IV
“EL PALACIO
FLOTANTE”
Atlántico
Norte, abril de 1912
‒¡Mira…
mira! ‒gritaba Amy a Rebeca cuando vio la majestuosa escalera imperial que
presidia la entrada, el recibidor de la cubierta A.
La
parte alta de la escalera estaba rematada por una cúpula de cristal por donde
entraba la luz natural. Las columnas eran de roble tallado con querubines de
bronce en forma de lámparas.
‒No
puedo creer tanta belleza. Es grandioso ‒comentó Rebeca entusiasmada como una
niña.
‒Bueno…
compostura. Hay demasiada gente importante en este lugar. Un poco de cordura,
parecen criaturas en un paseo de juegos ‒las retó Wilson.
‒¿Es
que no comprendes? La nave es bellísima. Me siento tan feliz de haber aceptado
venir. Seguro que la estadía me hará olvidar mi dolencia y después habré ganado
salud.
Mark
la miró con tristeza después de escuchar sus palabras. Él no estaba convencido
y tampoco creía que había sido buena la idea de subir a una nave recién
construida, sin experiencia en el mar. Sólo esperaba que el capitán Edward
Smith le diera la certeza de que todo estaba bien con la objetividad de un
marinero avezado.
Los
pasajeros fueron acompañados a sus habitaciones: camas de hierro blanco con
baldaquino, mesa y lámparas de primera calidad, sillas tapizadas y
revestimiento barroco. Iluminaban de manera sutil los aposentos, apliques en la
pared en forma de tulipas de bronce.
‒Es
tan hermoso que mi cabeza da vueltas y vueltas ‒dijo Rebeca a Wilson mientras
trataba de sacar algo de ropa del equipaje. Mira… no he traído nada y las
mujeres son tan elegantes.
‒Bueno,
eso es secundario.
‒Ay…
los hombres son todos iguales. No comprenden a la mujer que quiere estar bella
y elegante para sí misma y luego para los demás. Es necesario tener la
autoestima alta para poder hacer feliz al otro. ¿Comprendes? No, no entiendes.
Eres básico, te arreglas con un sombrero y un traje más o menos presentable.
‒Querida,
no reniegues por tonterías. Vinimos acá a divertirnos.
‒Bueno,
yo no sé si pueda…
‒¿En
qué quedamos? ¿No dijiste que era la experiencia más maravillosa de tu vida?
‒Sí,
Wilson. Un poco para aturdirme, no soy tonta.

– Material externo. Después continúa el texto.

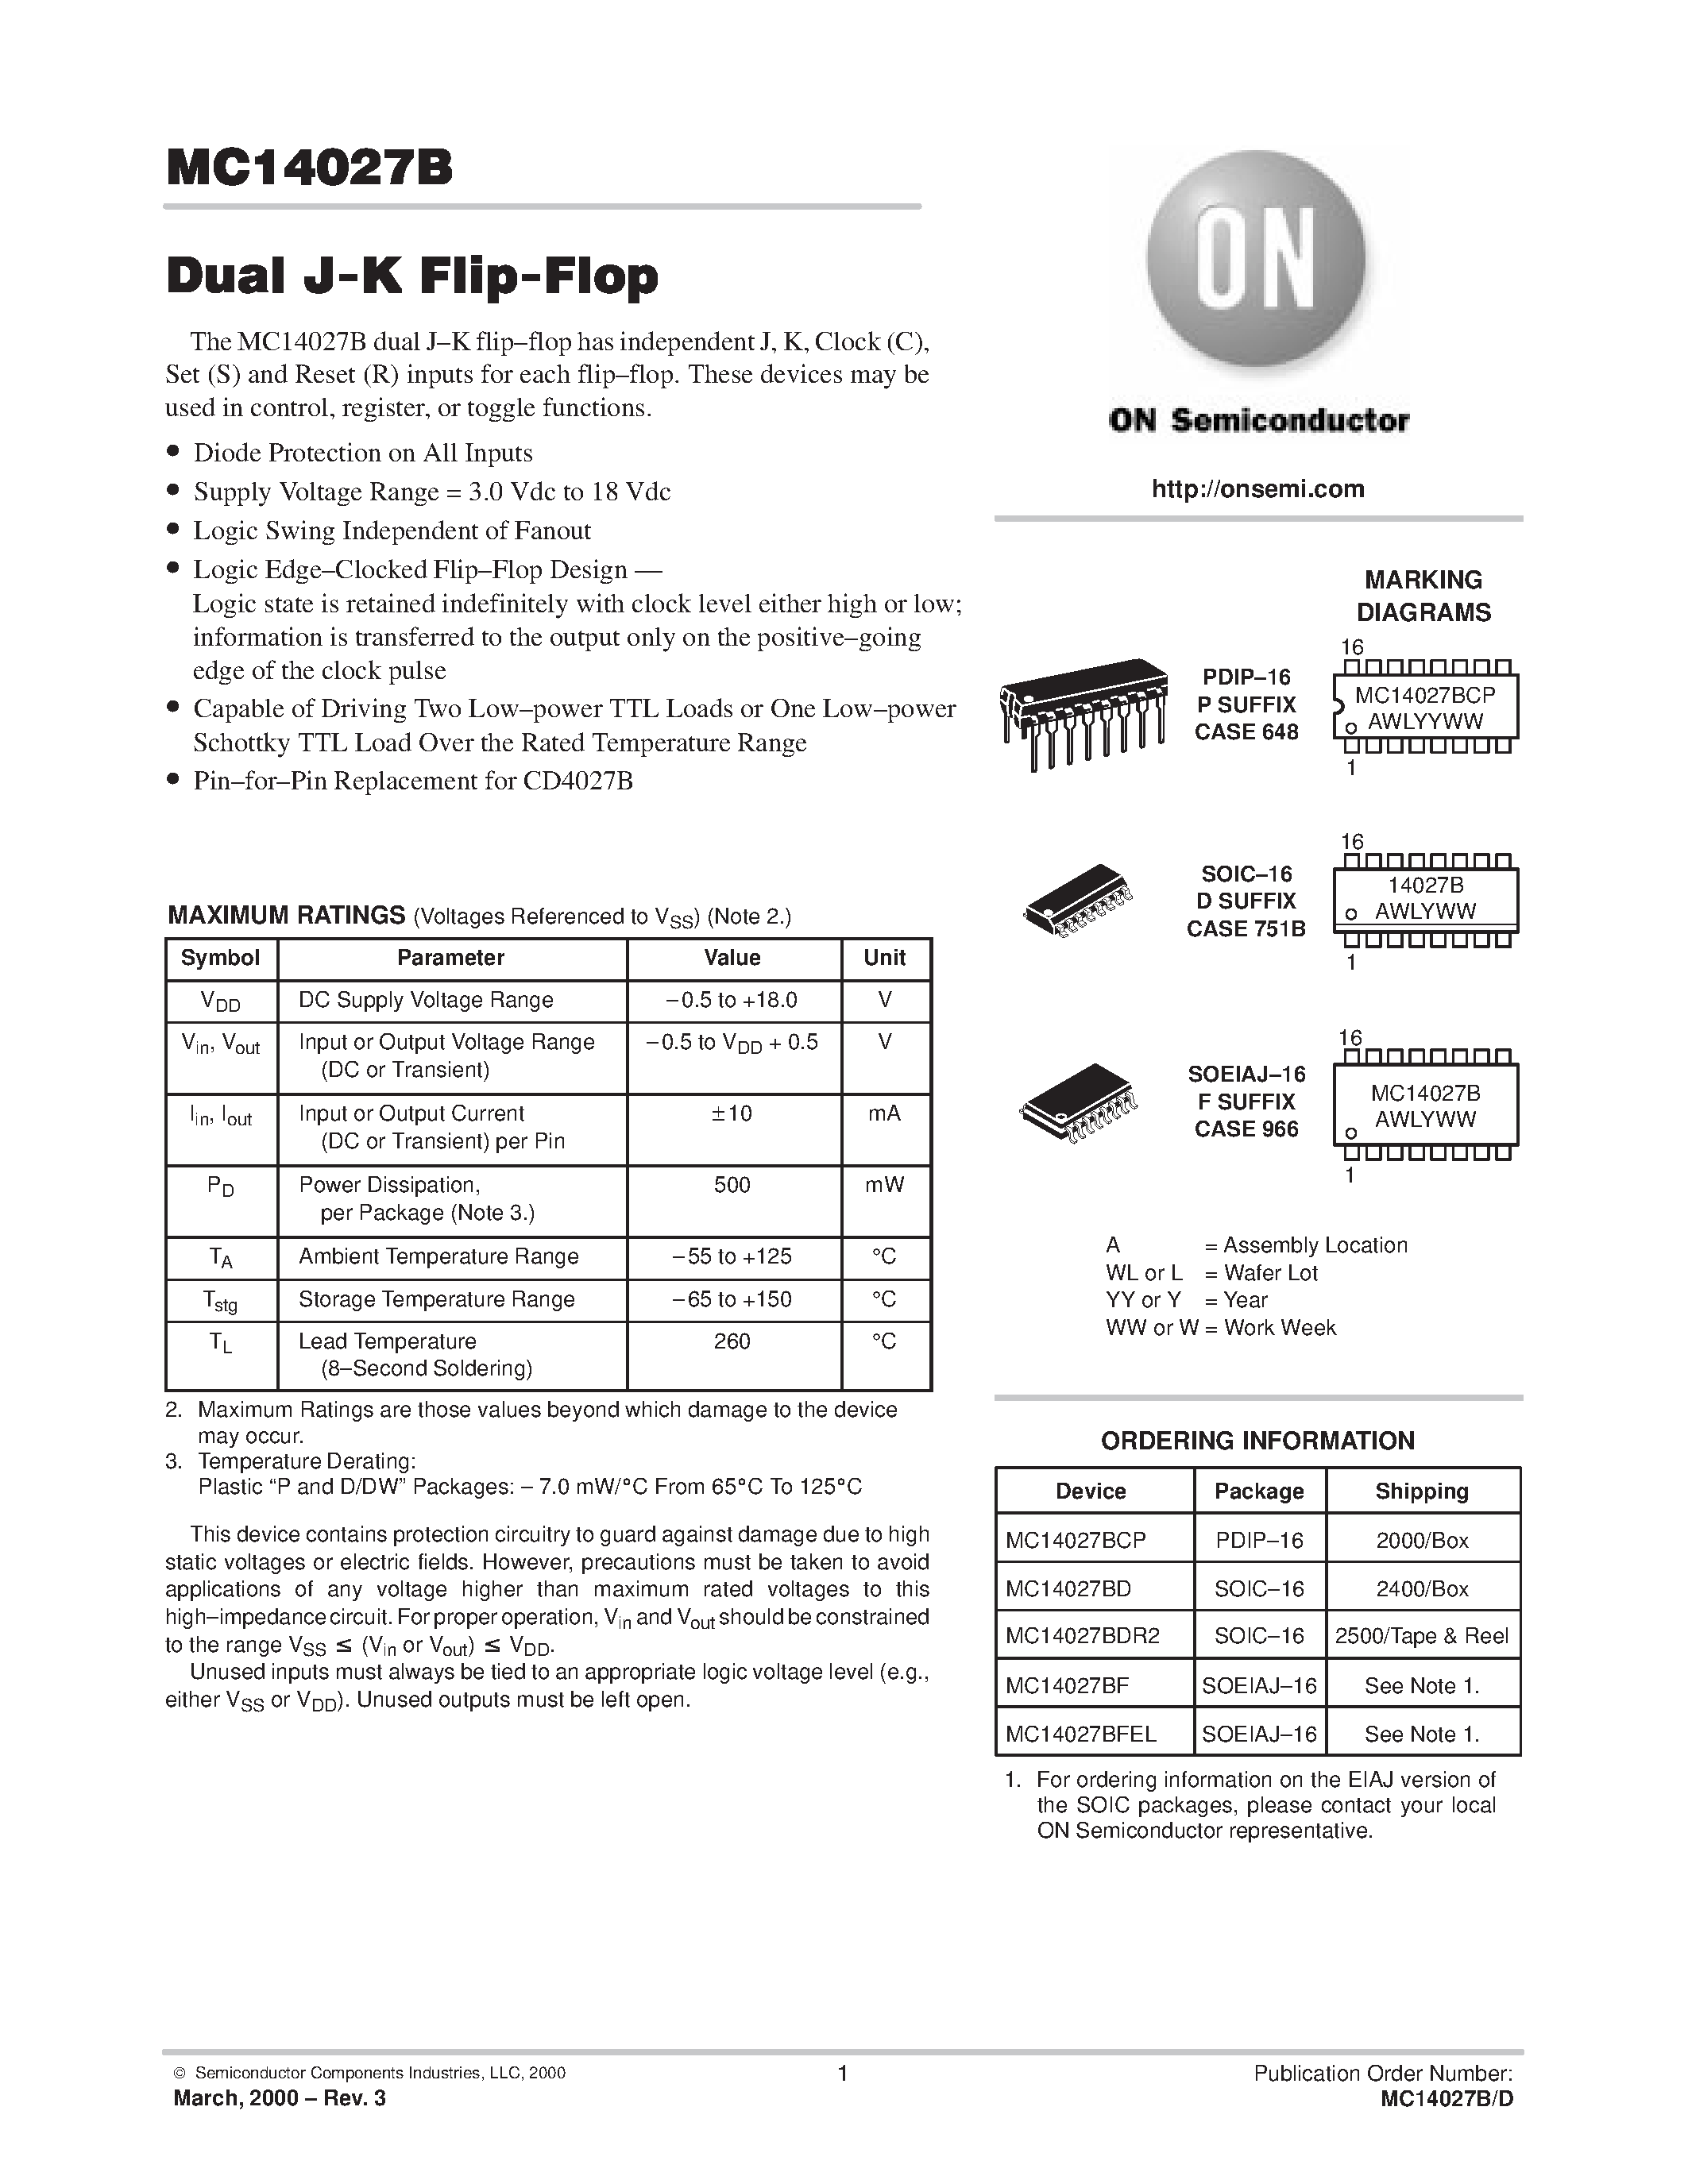 Даташит MC14027BCP - Dual J-K Flip-Flop страница 1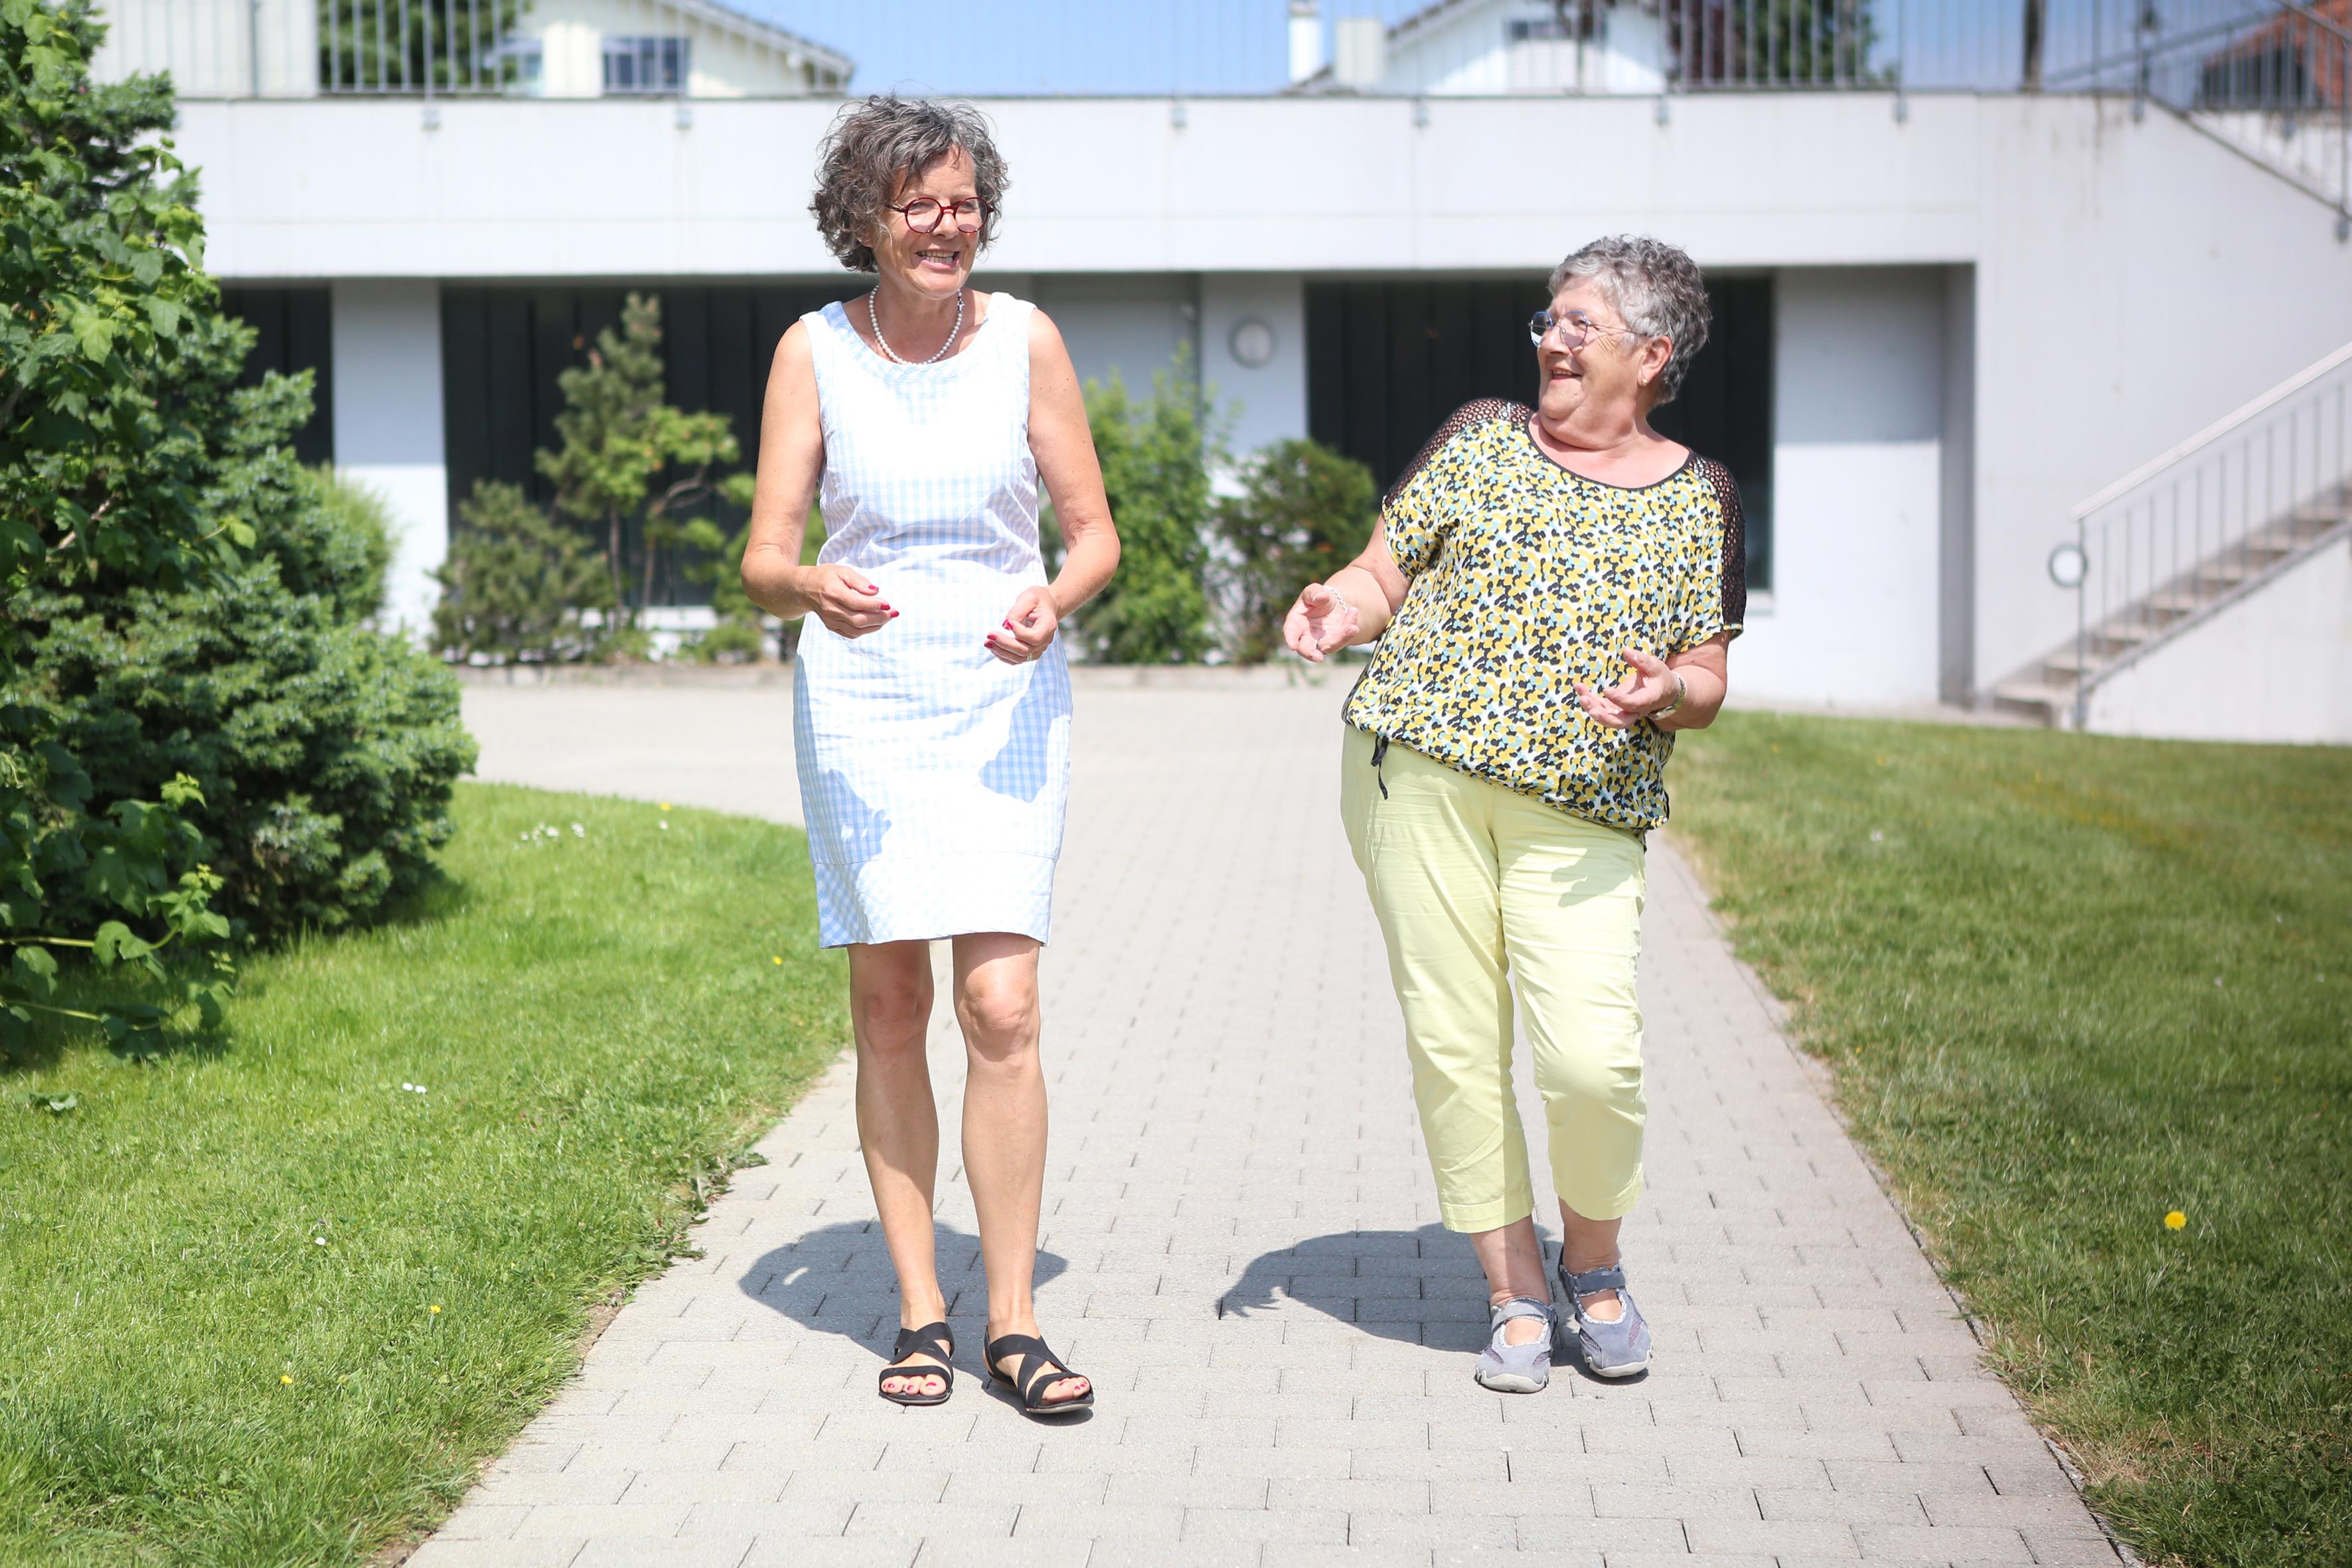 Martine Pipoz e Imelda Morard camminano insieme mentre chiacchierano. Entrambe sorridono.

Tú sabes bien.
Rebeca
entendía que no podía librarse del pensamiento negativo y de las conjeturas.
Estaba en riesgo pero tenía la convicción de que, luego de la travesía, los
médicos de su padre, que eran los mejores de Inglaterra, iban a sacarla
adelante y que el tormento quedaría atrás.
‒Tiene
que pensar en positivo. Nada de disgustos y de malos ratos. Su entorno debe
ayudar ‒le habían dicho en una consulta y también habían aprobado el viaje como
una forma de terapia.
‒Olvidemos
un poco estas cosas, ya tendremos tiempo de hacer balances y diagnósticos. ¿Y
papá?
‒Debe
estar en su habitación ‒respondió Wilson ocupado en explorar sus rincones.
‒Voy
a verlo.
Rebeca
caminó por un pasillo angosto y elegante lleno de puertas y luz tenue.
‒¡Padre!
‒Querida…¿Cómo
te sientes?
‒Bien,
no se preocupe. ¿Cómo está usted? ¿Le gusta? Porque si no está cómodo le busco
otro cuarto ya mismo.
‒No.
Es muy lindo el que me tocó. Tú ocúpate de ti, ¿sí?
‒Papá,
estoy tan feliz. Sólo me haría falta algo que no se compra ni con todo el oro
del mundo.
‒¿Qué? ‒preguntó
Mark con miedo.
‒Un
hijo ‒exclamó Rebeca con cierta melancolía.
‒Ya
vendrán, primero debes curarte. Eres tan joven y tienes que pensar en ti y en
estar bien. Para eso hemos venido, para mimarte.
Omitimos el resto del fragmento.